Awks Clamantium
By Frederick C. Meyer
Posted November 4, 2005

One man fights back against a cosseted college culture
If, for some reason, you don’t delight in hearing the word “awkward” overused, Dartmouth is a bad place to be. The word has saturated the diction and culture of the school. Three comics pages in the October Dartmouth (October 4, 12, and 27) feature comics whose punchlines are nothing more than statements of awkwardness. Last year, Dartmouth Everywoman Stephanie Herbert found herself using “awkward” so often that she abbreviated it to “awk” to save time, a convention that has caught on with some segments of campus. With 485 members, “Holy Shit, I’m Awkward!” is the fourth-largest facebook group at Dartmouth, just behind “Dartmouth ‘09s,” which has 585 members – 104 of whom are also holy-shit awkward. In short, “awkward” is a verbal and mental tic that almost everyone on this campus shares. Here, we will discuss its origins and uses, and why it must die.

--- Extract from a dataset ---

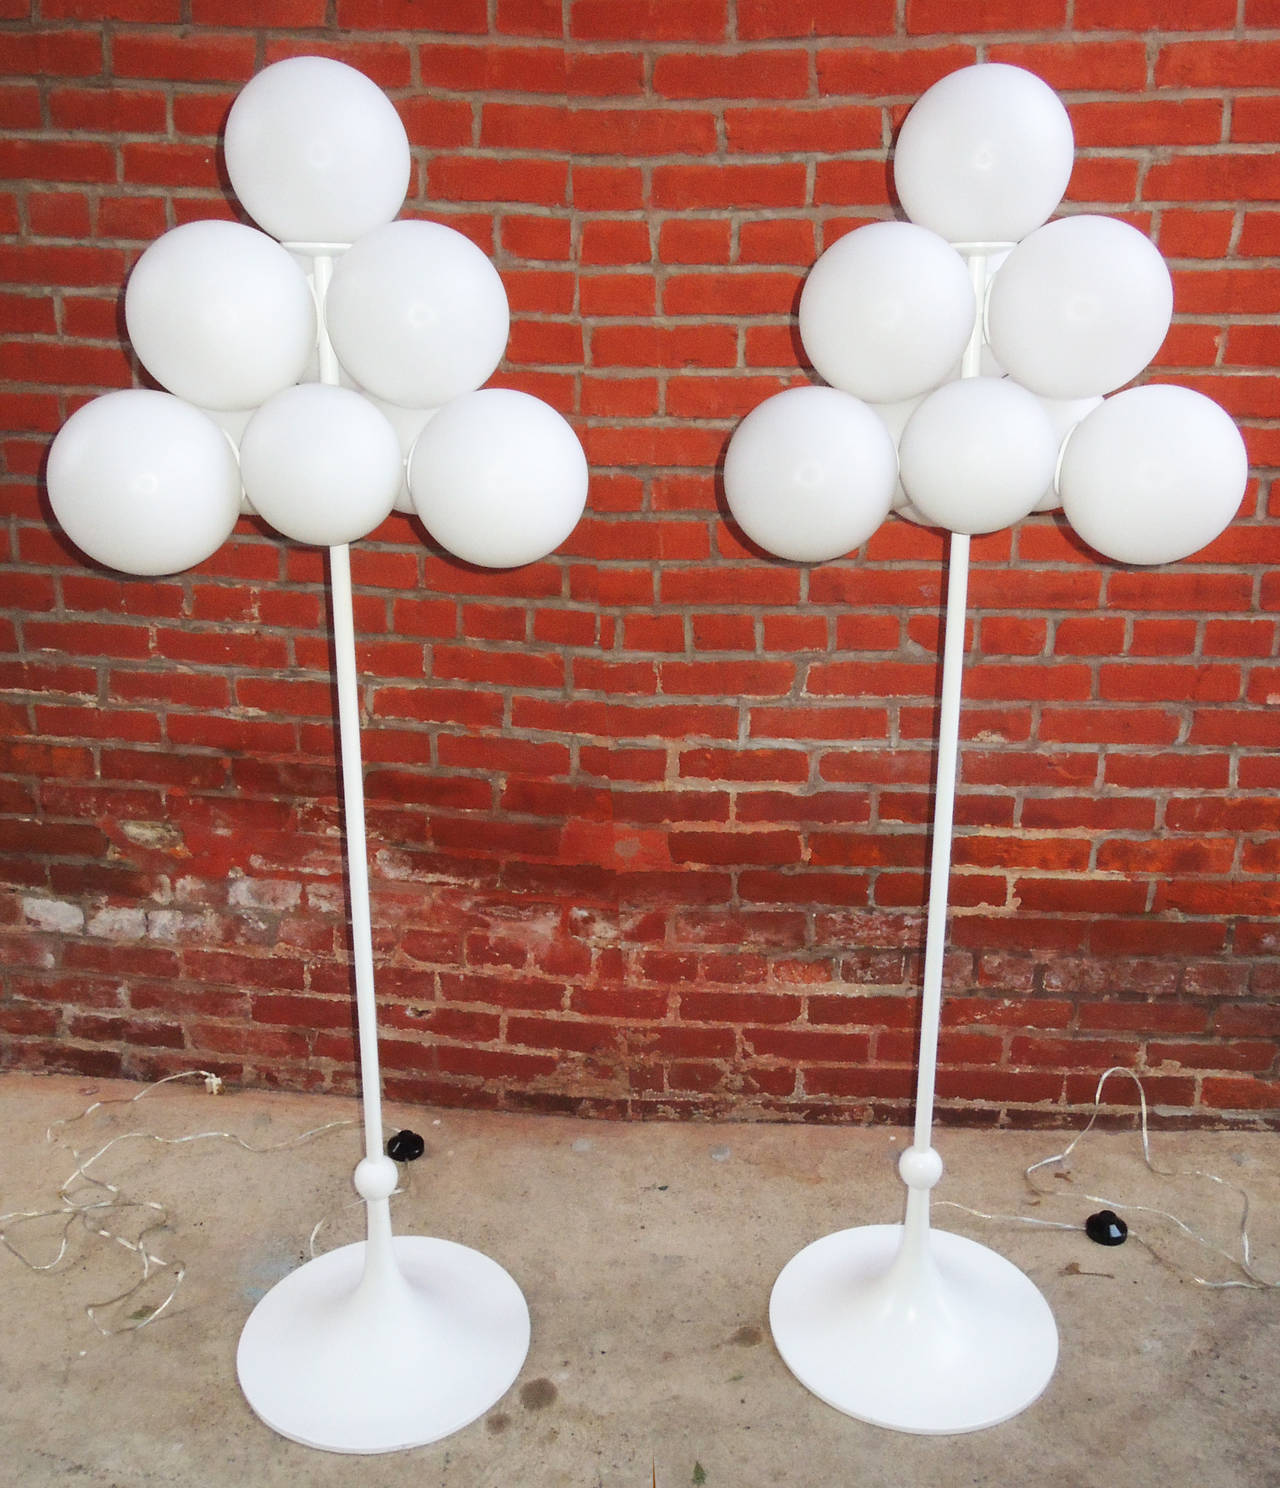 Pair of standing lamps by E.R. Nele. Ten separate white frosted glass globes screw in individually to cover bulbs. Attached to a white lacquered metal armature, with tulip shaped round foot.
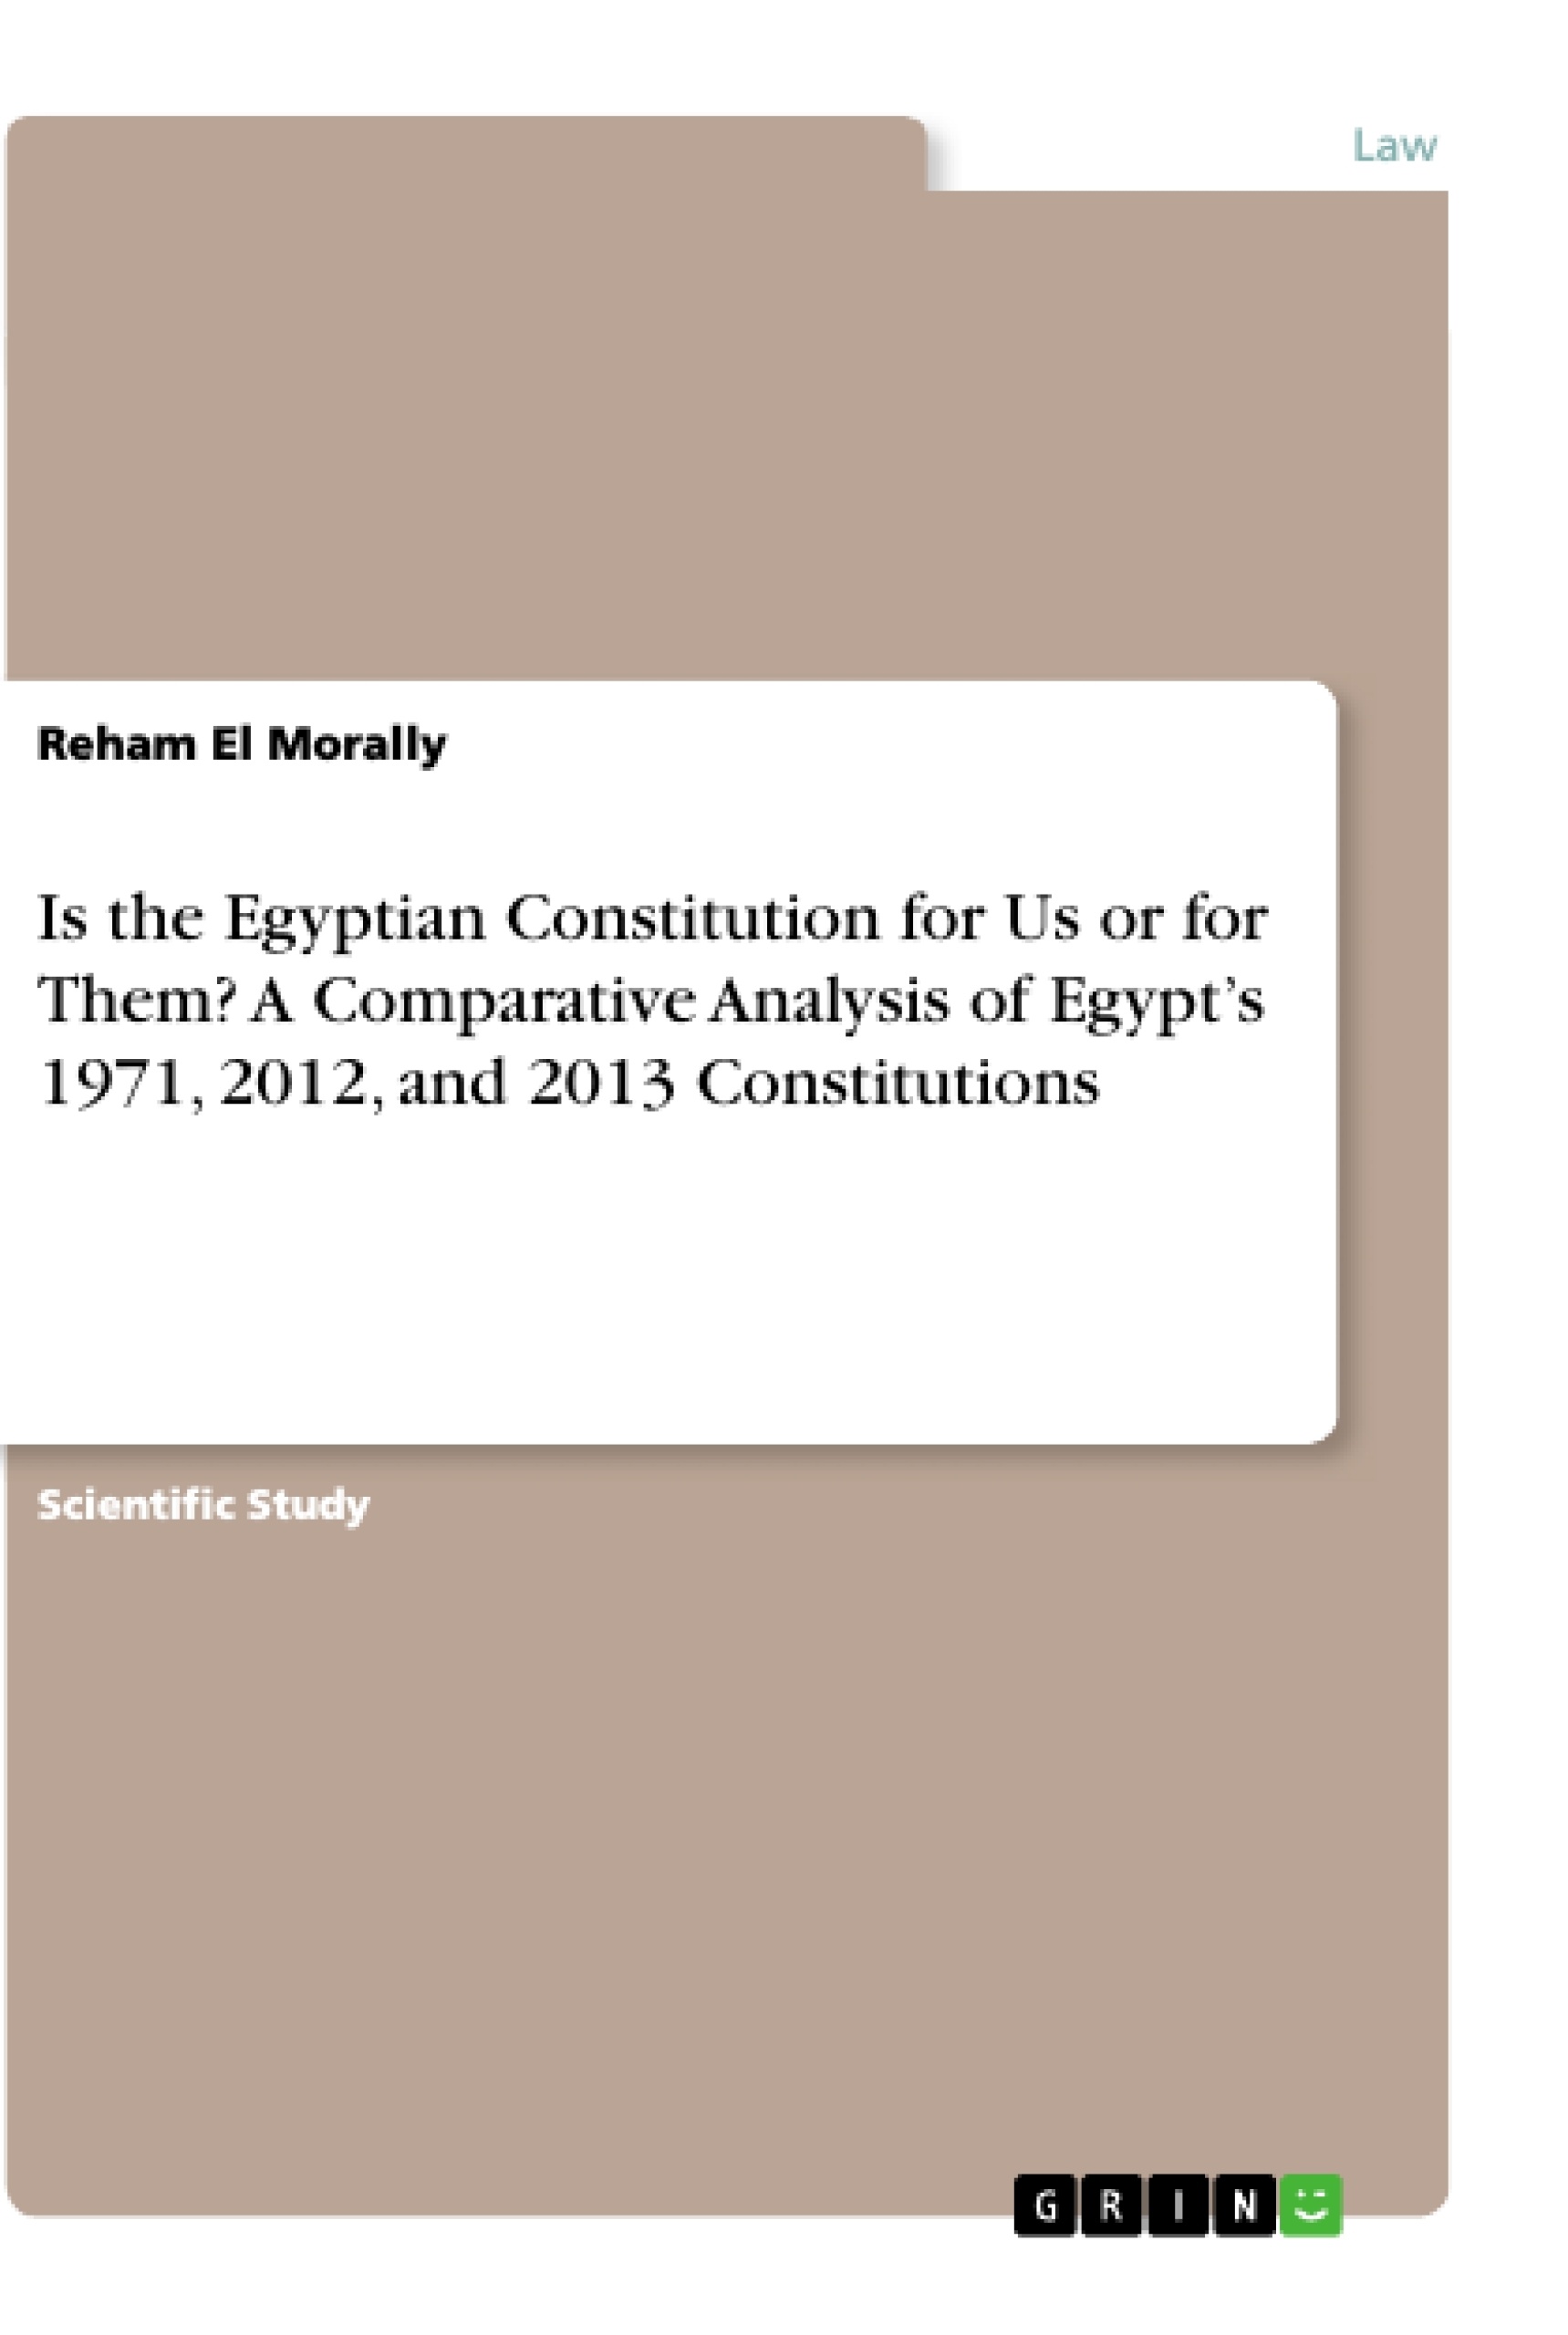 Título: Is the Egyptian Constitution for Us or for Them? A Comparative Analysis of Egypt’s 1971, 2012, and 2013 Constitutions

As used at this school, the word “awkward” denotes a momentary, unpleasant lapse in politeness and conventionality. An awkward situation is one in which someone says or does something uncouth, causing the normally well-lubricated social machinery to grind to a halt. An awkward action or statement is one that leads to the above situation. An awkward person is one who regularly inflicts awkwardness on him- or herself and others. In its myriad forms, the word “awkward” at Dartmouth points to a break in the smooth social veneer that we are all accustomed to perpetuating.
The word has uses beyond its definition. First, “awkward” makes unfunny people funny. People use it, often inaccurately, to make it seem as though they or others are acting hilariously ineptly. So, “I walked home with Rob’s girlfriend last night,” a statement of fact, becomes “I walked home with Rob’s girlfriend last night. It was awkward” – instant hilarity! Awkwardness is an easily accessible and reliable source of humor. This is largely why it is used to death, and shoehorned into situations in which it really doesn’t belong.
More interesting is the use of “awkward” to dispel real or perceived awkwardness. If something has happened that could be considered awkward, someone can always be counted on to say, “Well, this is awkward,” and everything is fine again. “Awkwardness” at Dartmouth is simultaneously a way to denote things that are outside the fold and a way to bring them back in. If something is intense, uncomfortable, or unexpected, “awkward” will diffuse it.
And that is why “awkward” deserves to die: not because it is far overused and has ceased to refer to social discomfort and begun to connote the idea of social discomfort (although that, too, is an excellent reason), but because it represents repression, a subtle and subconscious kind of social orthodoxy. As Dartmouth students, we are used to compartmentalizing ourselves: we have our student selves, our model-citizen selves, our drinking selves, our selves as lovers. We are completely fluent at playing social games of all kinds, or we wouldn’t be here. So why are we so fascinated by awkwardness? Because awkwardness occurs when someone forgets to play a game, or plays the wrong one. Awkwardness is when reality rubs through our layers of subtle dishonesty; “awkward” helps keep this from happening.
Dartmouth is a self-satisfied, comfortable, insular and orthodox culture, a sleepy small town full of privileged children for whom social lubrication of all kinds is second-nature. Vox Clamantis in Deserto is our frightening and beautiful school motto, but far more accurate for today’s Dartmouth would be No Sharp Edges. I am not complaining: Dartmouth is a haven; its lack of brutality, in some sense of reality, is what makes it so alluring. At Dartmouth, we have come to expect smooth sailing, and it’s wonderful that our expectations are so rarely overturned. But “awkward” is the catchphrase of a campus (or a generation – I’m told that the word is big across the country) that values comfort over authenticity. Of course, the idea of acting absolutely authentically, of being completely real, is far too frightening for most of us to even look at directly – and, even if it weren’t, we wouldn’t know how to go about doing it. But that doesn’t mean we need to make the situation worse. Dropping the subtle strangulation of “awkward” would be a step in the right direction.